> [TASK DIRECTIONS] From the line containing "Katherine & Jordan" to the last line of the data below, copy everything exactly and nothing else; pictures stay out.

> [SOURCE MATERIAL]
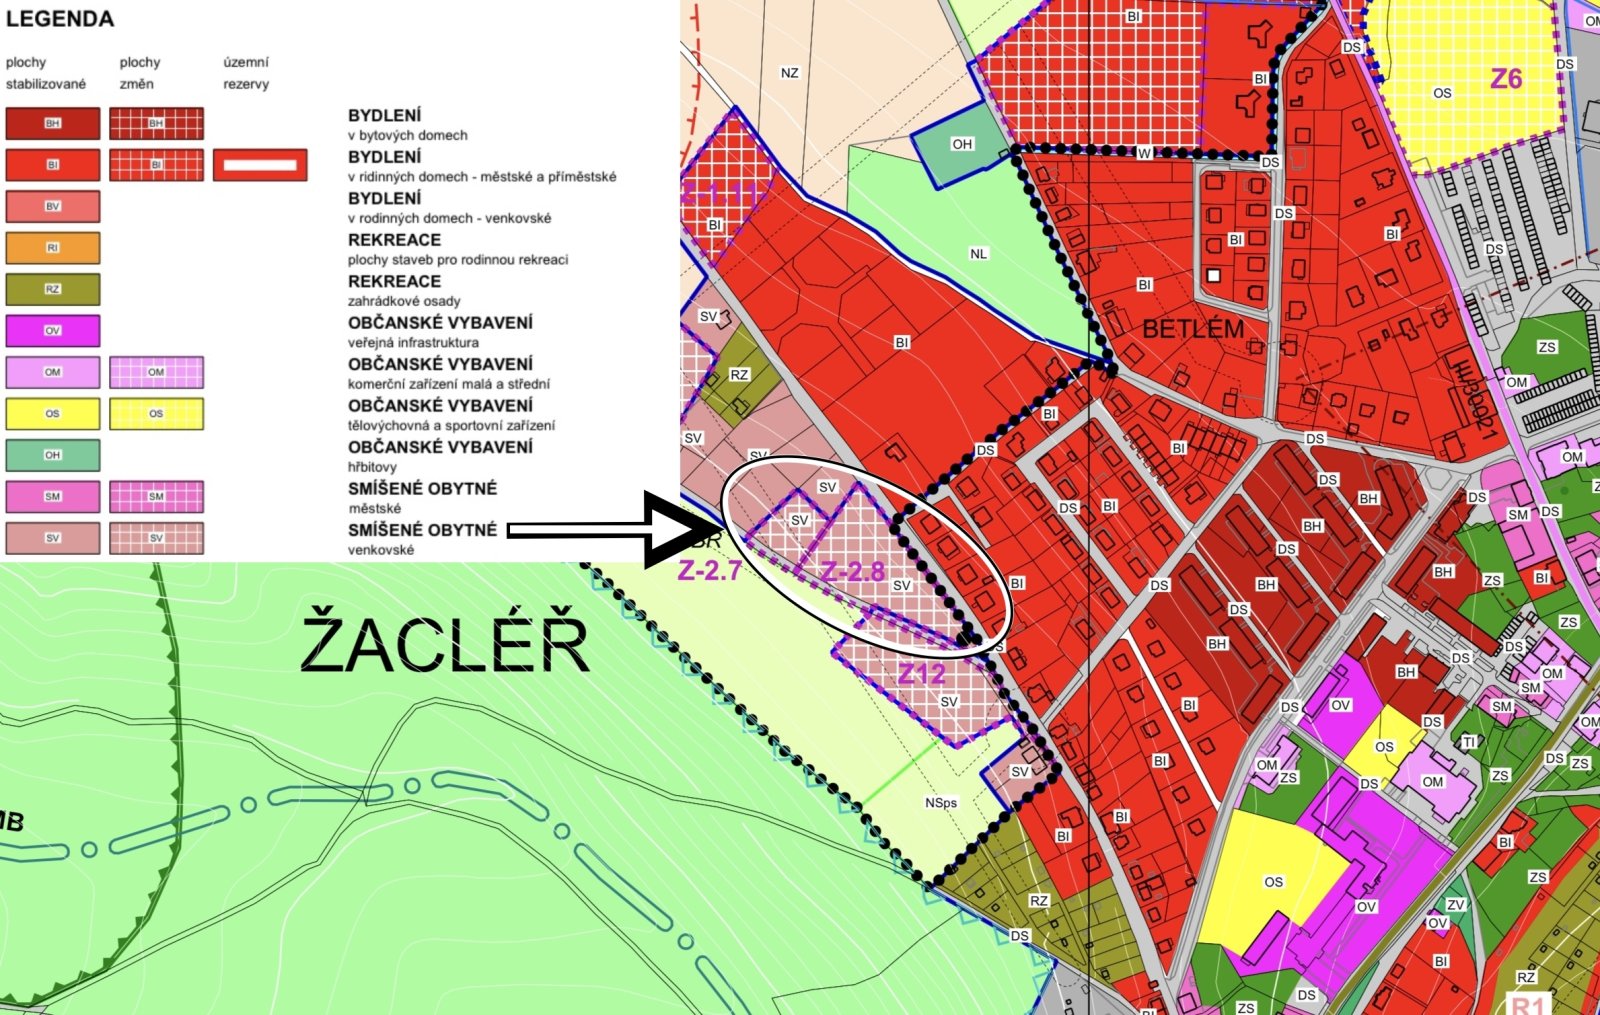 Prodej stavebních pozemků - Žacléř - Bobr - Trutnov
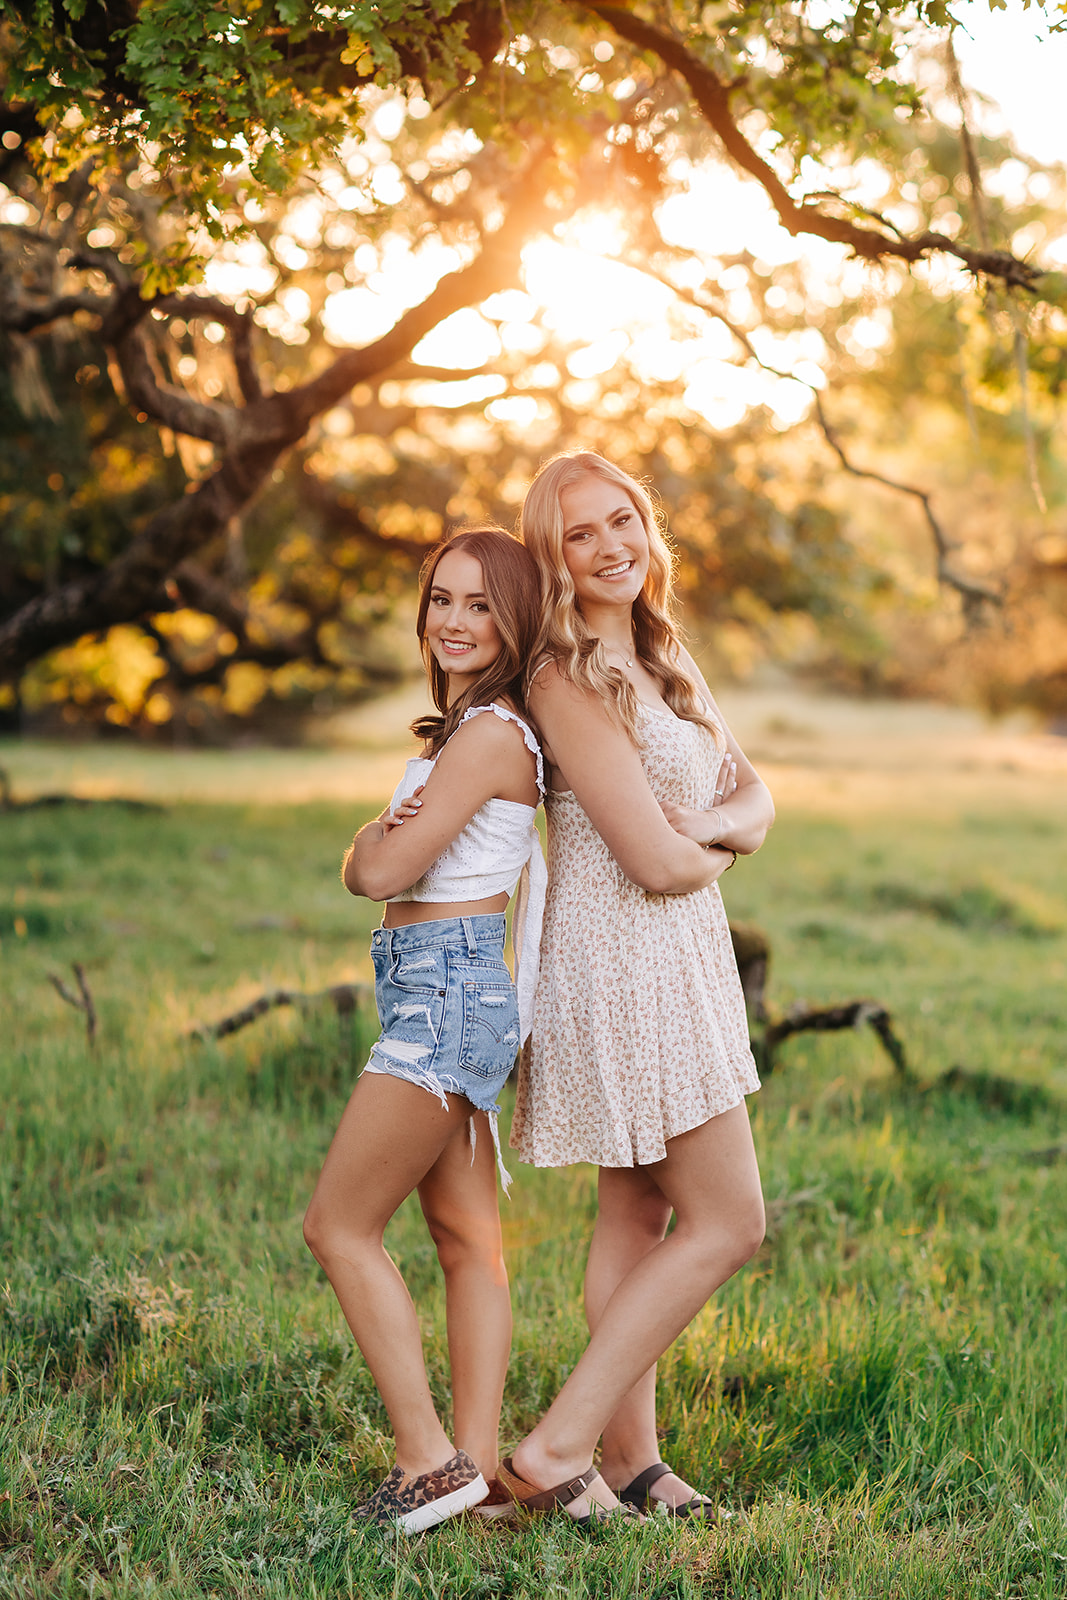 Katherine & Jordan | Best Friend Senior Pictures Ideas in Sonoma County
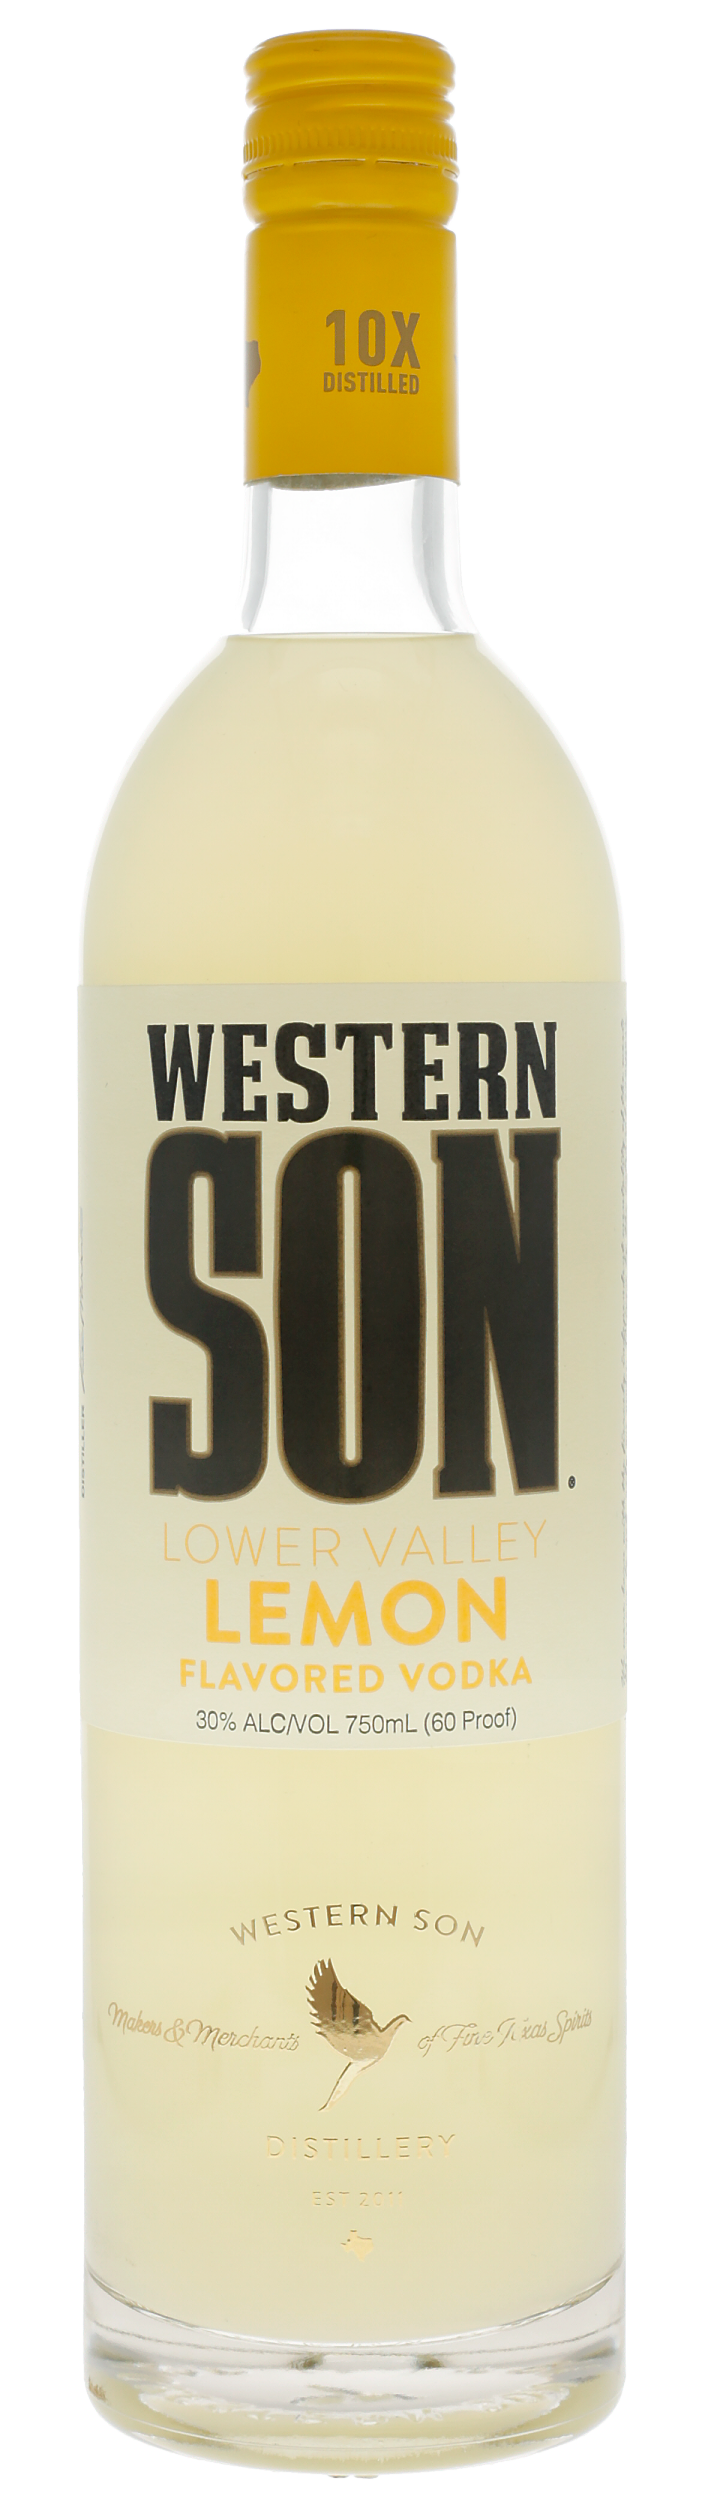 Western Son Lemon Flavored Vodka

> [YOUR RESPONSE]
 Katherine & Jordan | Best Friend Senior Pictures Ideas in Sonoma County
 Western Son Lemon Flavored Vodka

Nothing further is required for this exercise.